Because Escobar concluded that the First Circuit’s view of materiality would impose liability where a particular instance of noncompliance would merely “entitle” the government to decline payment, irrespective of whether the government actually enforced such a requirement in processing claims, the Supreme Court remanded the case for reconsideration of whether an FCA violation had been sufficiently pleaded, emphasizing that the FCA “is not a means of imposing treble damages and other penalties for insignificant regulatory or contractual violations.” Id. at 2004. The High Court, however, clearly signaled its belief that a valid FCA claim had likely been pleaded in that case, commenting that the Relators alleged that the defendant had “misrepresented its compliance with mental health facility requirements that are so central to the provision of mental health counseling that the Medicaid program would not have paid these claims had it known of these violations.” Id.

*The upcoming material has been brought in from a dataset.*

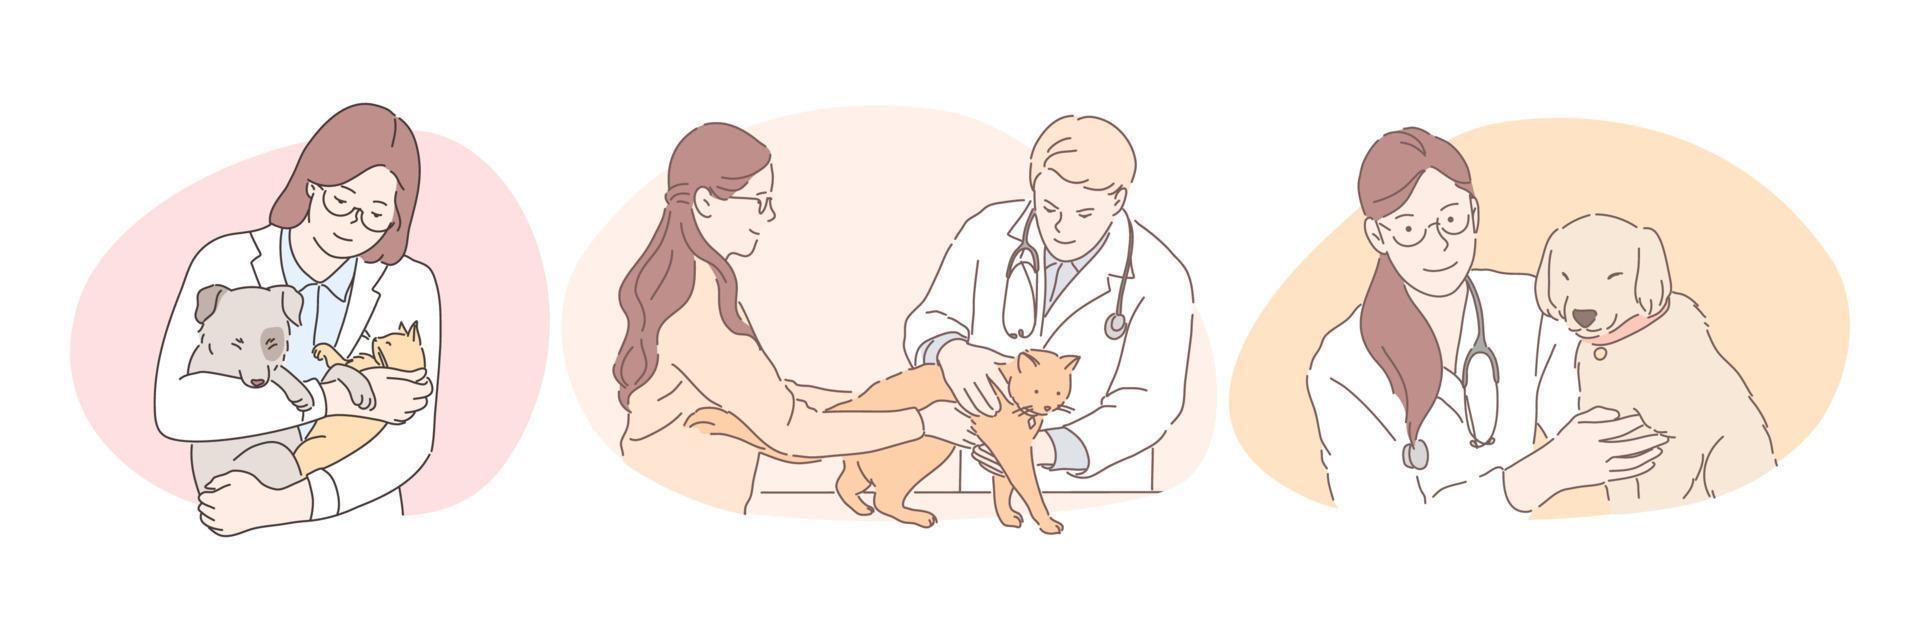 veterinario profesional con mascotas durante el concepto de trabajo. jóvenes hombres y mujeres seguros médicos veterinarios en uniforme blanco que examinan y curan perros y gatos en oficinas de clínicas médicas vector

Lessons Learned from the Escobar Ruling
Initially, the Supreme Court plainly has given a “green light” to implied false certification cases after Escobar. As a consequence, defendants will continue to be held accountable under the FCA for claims that do not disclose instances of noncompliance with statutory, regulatory or contractual provisions that are material to governmental payment decisions, irrespective of how those provisions happen to be labeled. Thus, in theory, defendants may face liability under an even broader range of legal and contractual requirements than ever before. At the same time, a robust concept of “materiality” has assumed enhanced significance post-Escobar in FCA cases, and one should expect increased litigation over whether a particular alleged misrepresentation regarding compliance with a legal or contractual requirement is or is not “material.” The opinion made clear that proof of a defendant’s “knowledge” concerning the materiality of certain requirements to the government’s determination of claims will be relevant on this issue, as will proof of how the government actually processes claims with knowledge that they do not comply with certain requirements. In effect, the Escobar ruling, in order to prevent the FCA from being used to prosecute “garden-variety breaches” and “minor or insubstantial” instances of noncompliance, dispensed with form in favor of substance by applying a rigorous standard of materiality in establishing the outer limits of FCA liability. For all the focus leading up to the Escobar ruling on how it would decide the issue of implied false certification, the opinion’s discussion of materiality under the FCA will prove every bit as consequential.